Data to examine >>
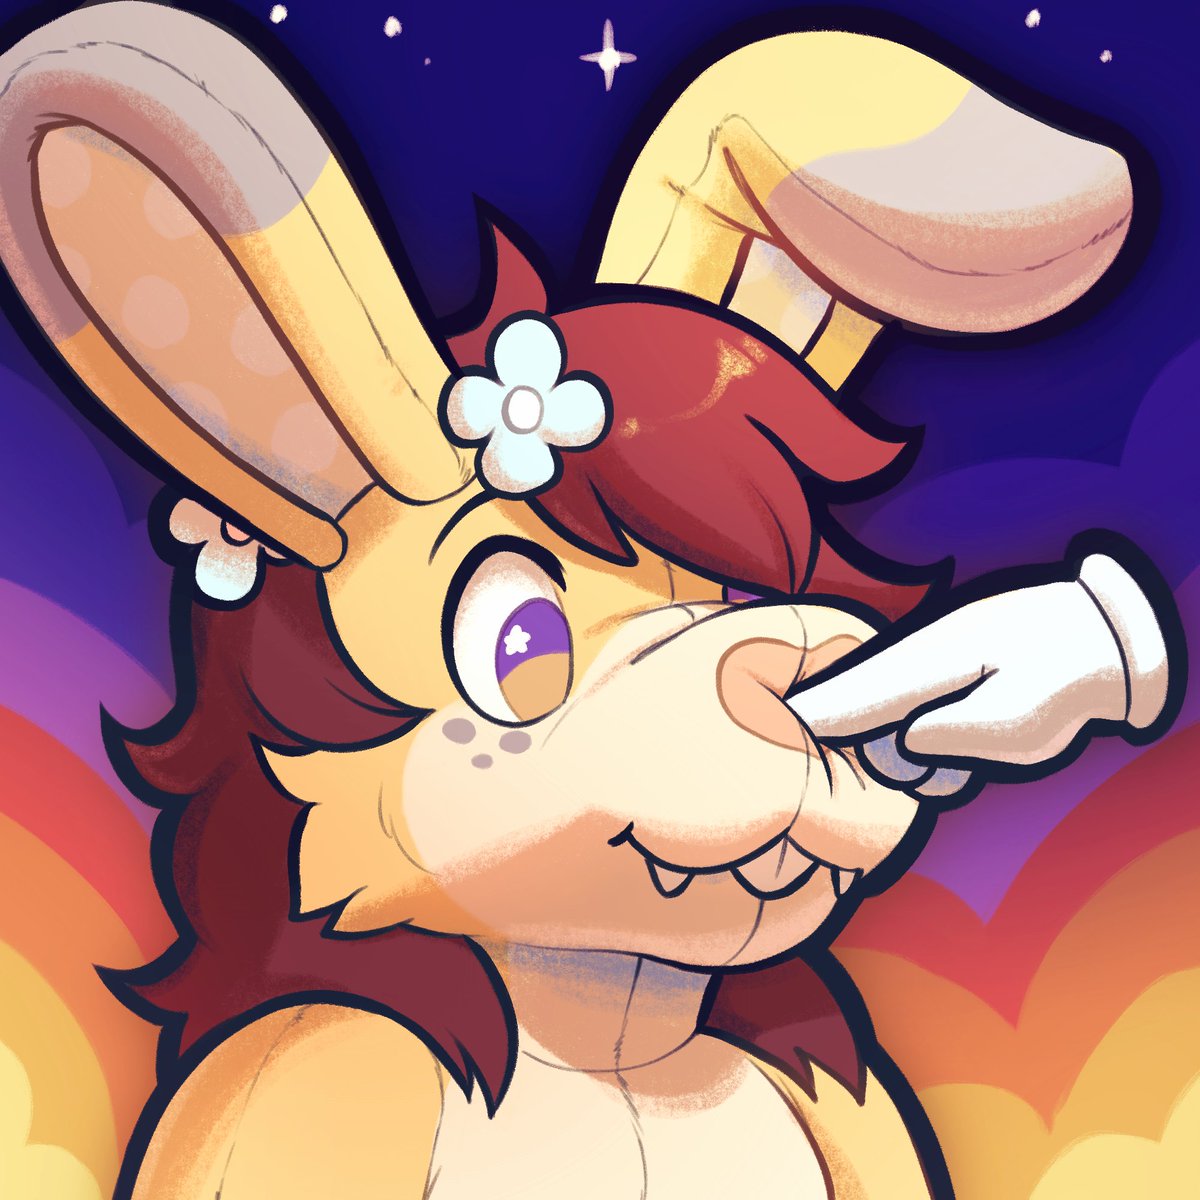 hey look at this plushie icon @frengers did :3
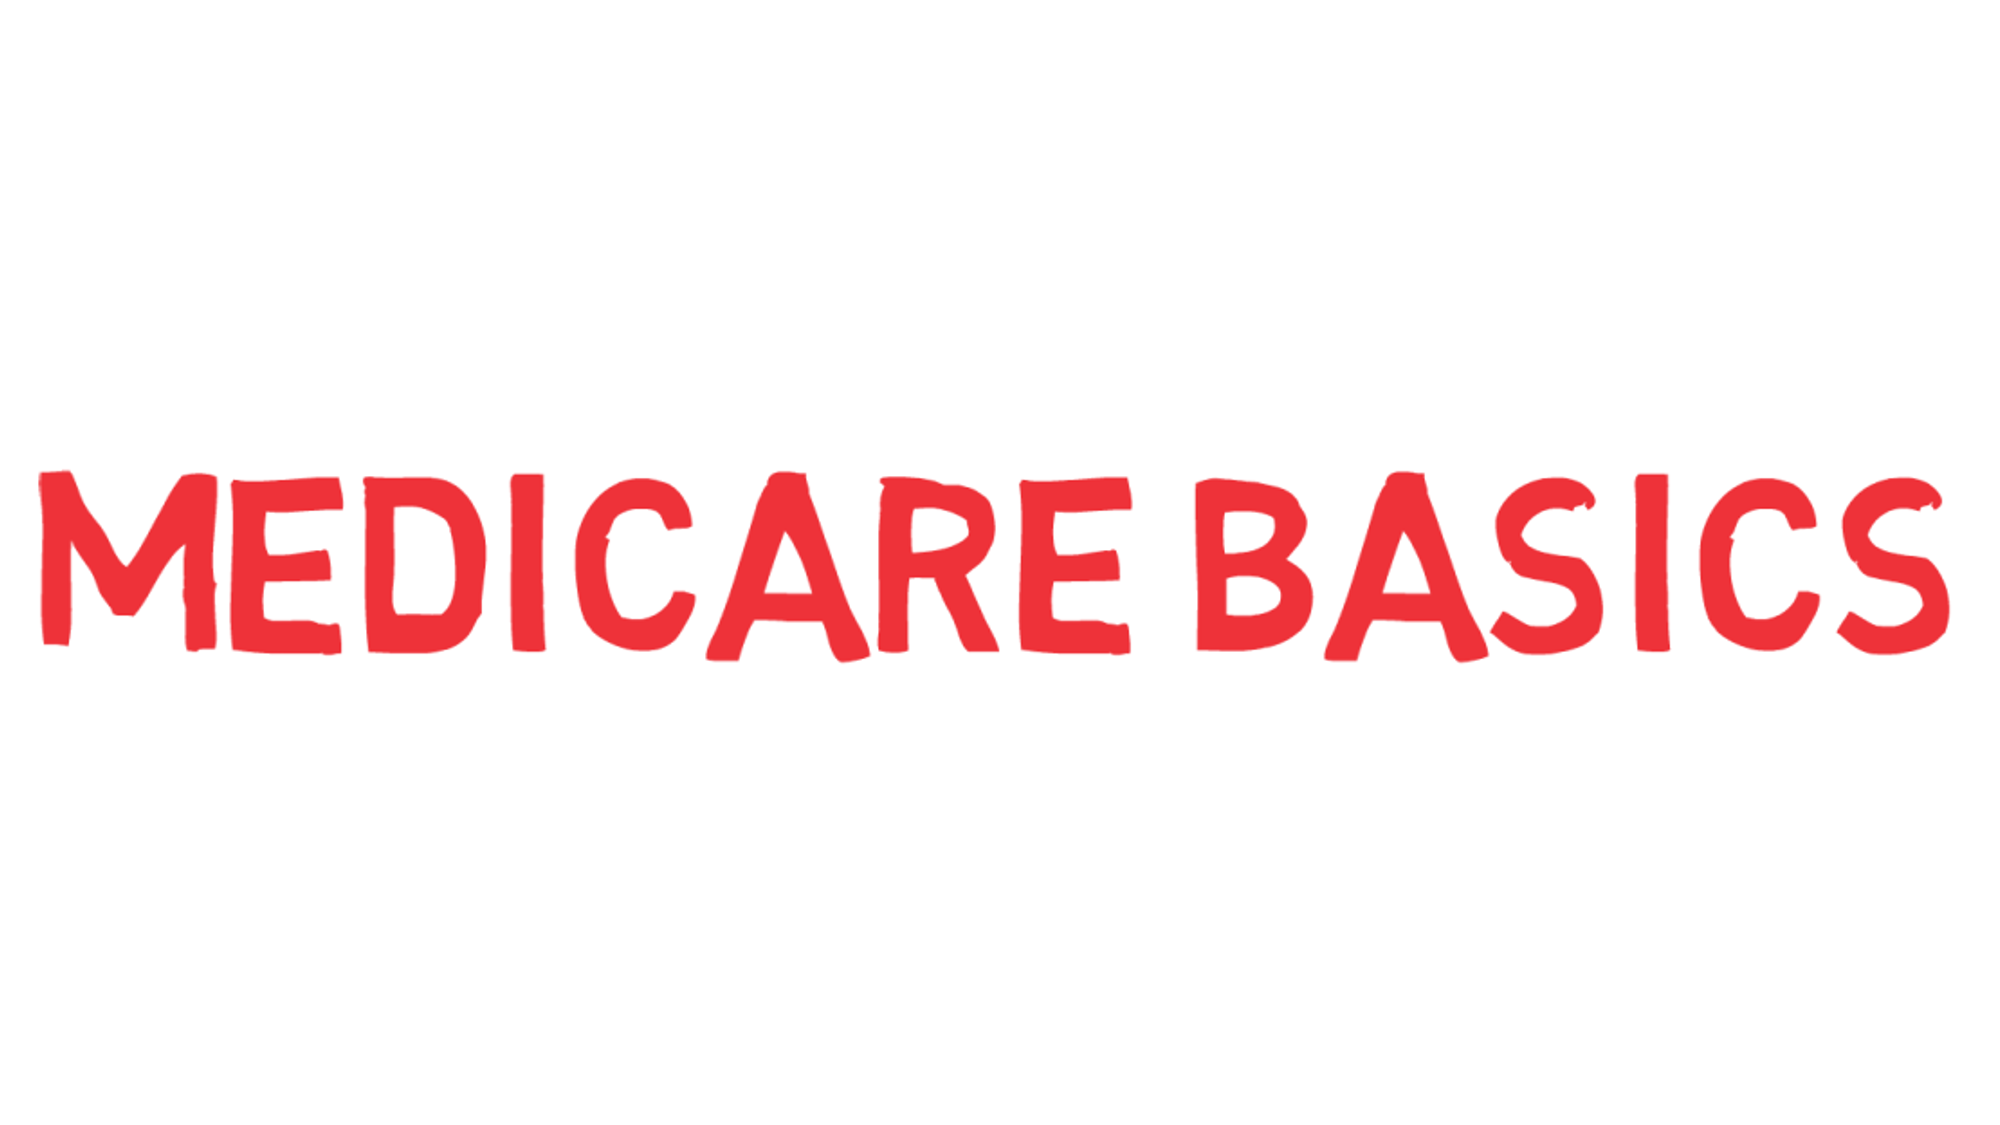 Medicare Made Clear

--

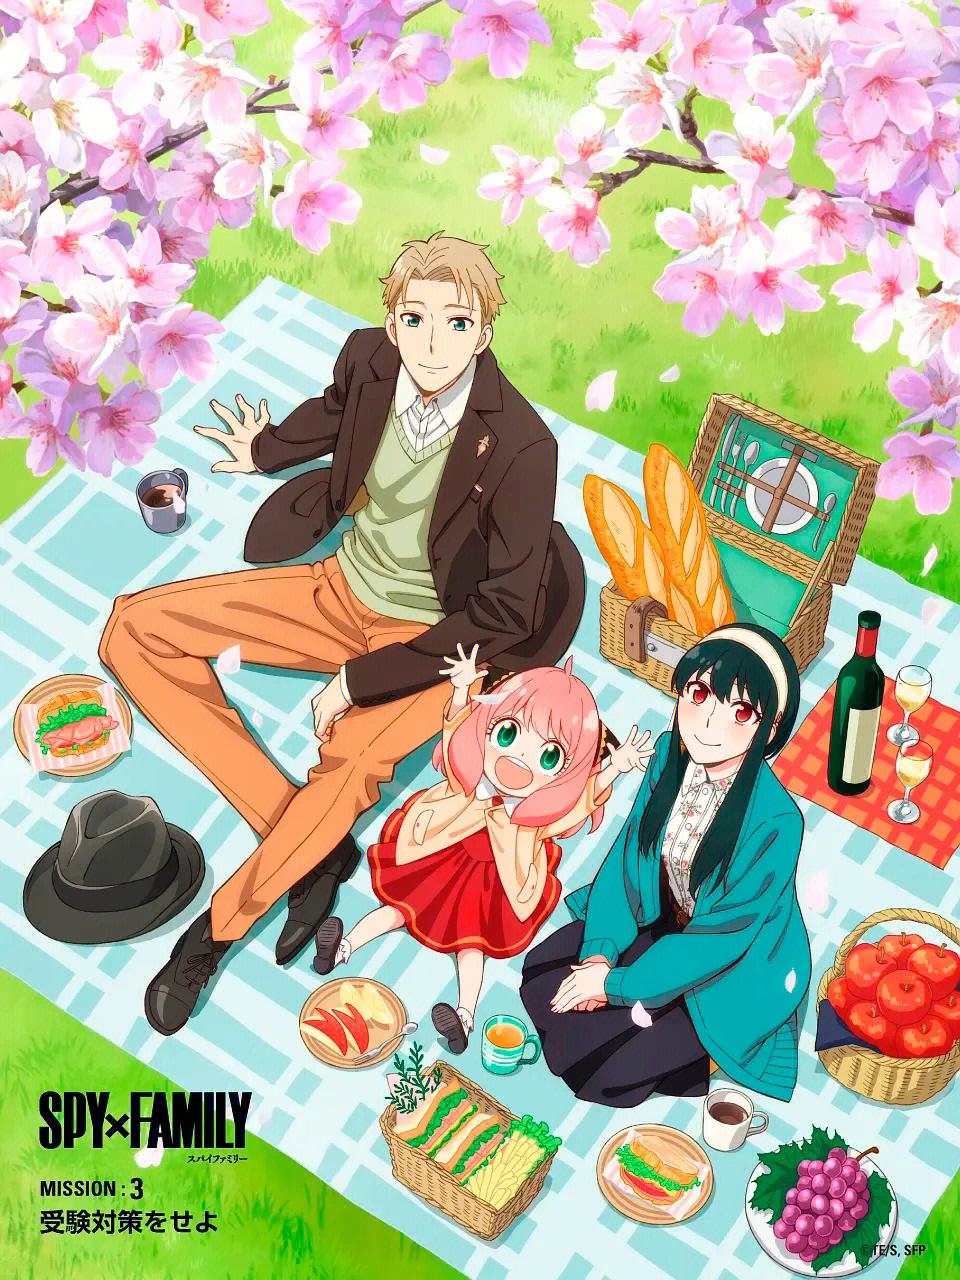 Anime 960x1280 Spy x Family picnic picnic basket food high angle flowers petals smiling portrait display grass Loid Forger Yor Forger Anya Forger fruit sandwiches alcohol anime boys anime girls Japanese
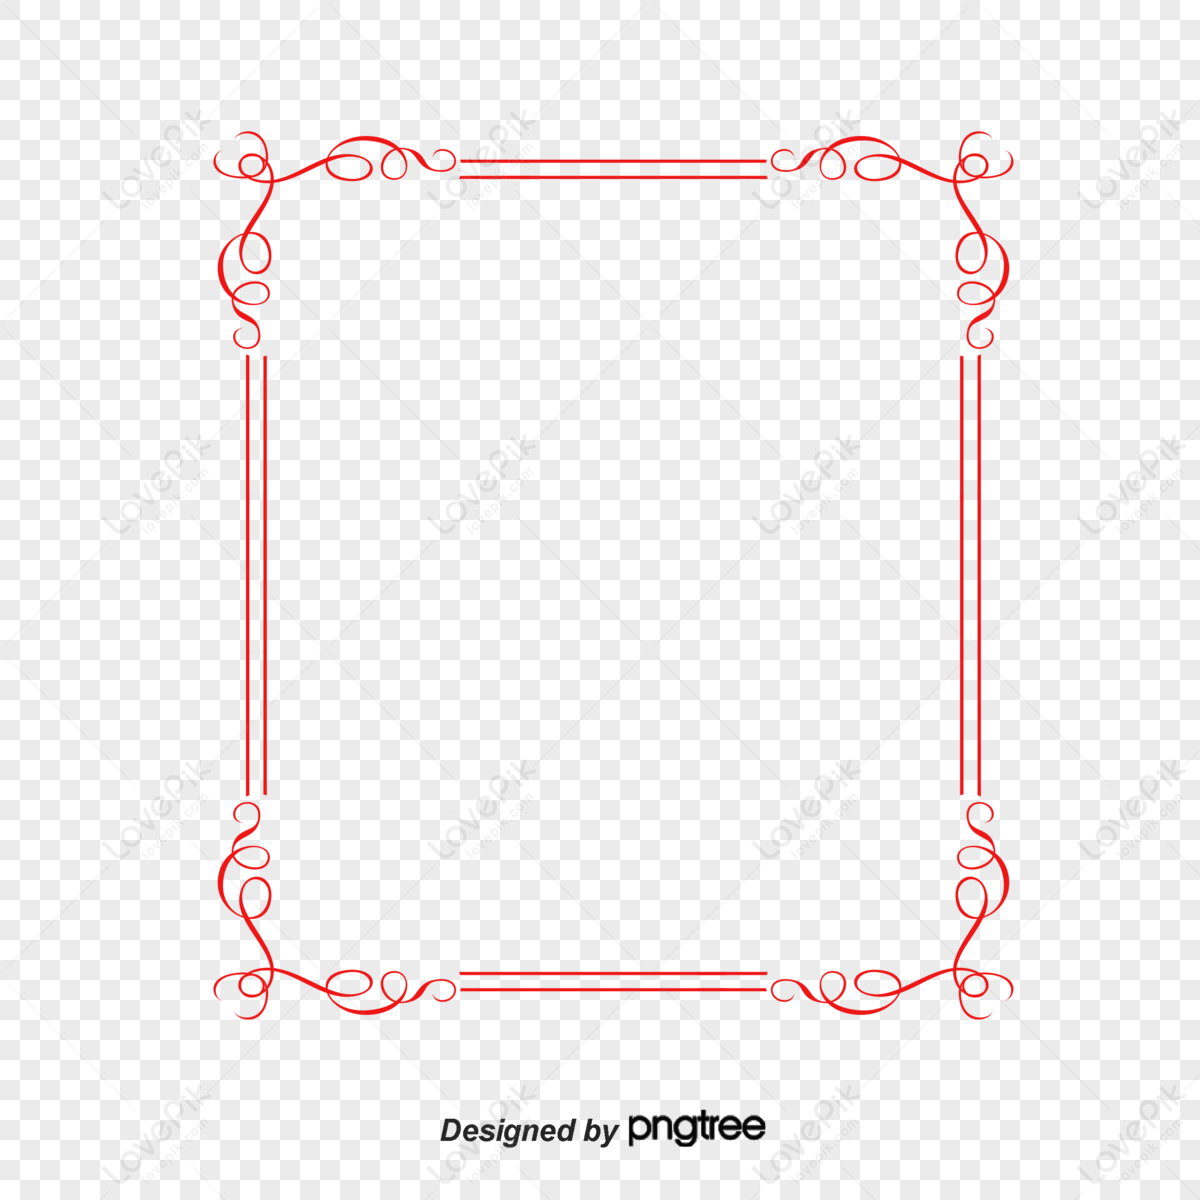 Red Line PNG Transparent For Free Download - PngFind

---

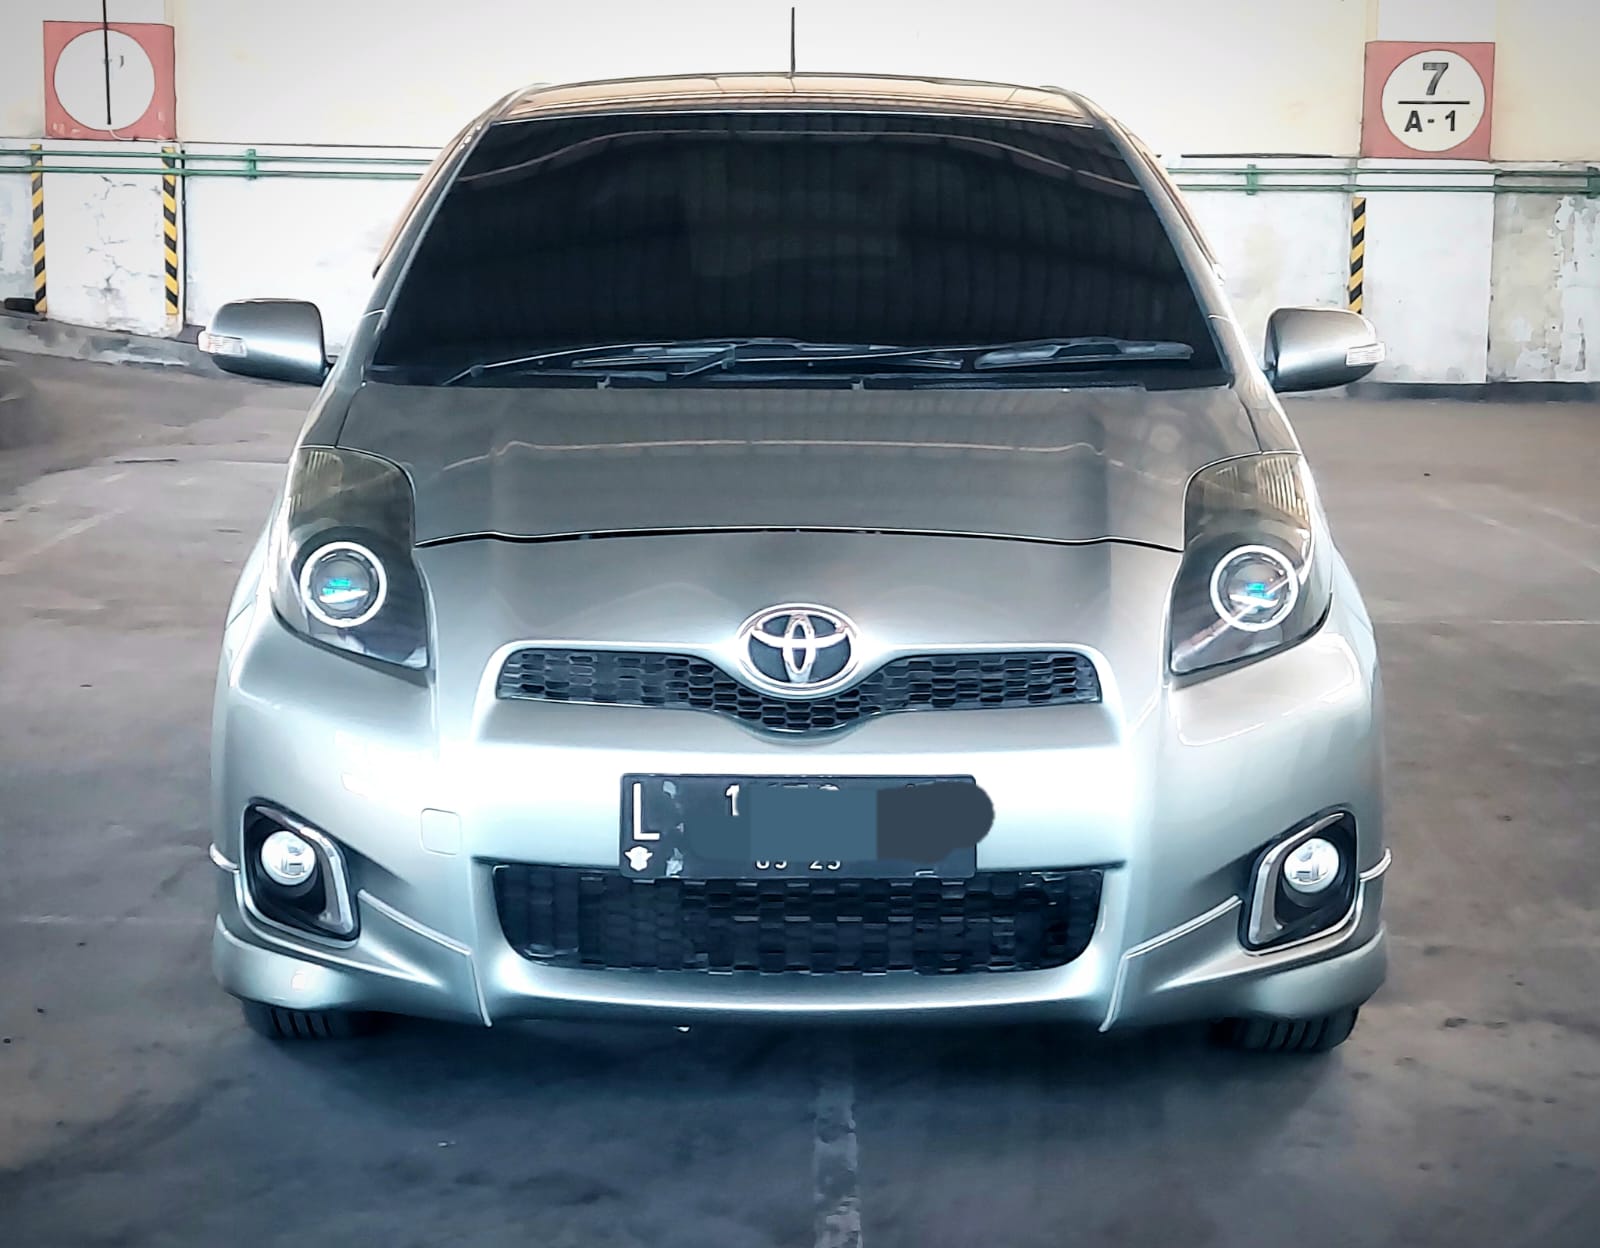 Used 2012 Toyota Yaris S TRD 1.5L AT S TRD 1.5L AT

Task requirements >> Print, exactly, each line above from the one with "hey look at" to the one with "Medicare Made Clear", end lines included. Leave pictures out of it.

Problem solution >>
 hey look at this plushie icon @frengers did :3
 Medicare Made Clear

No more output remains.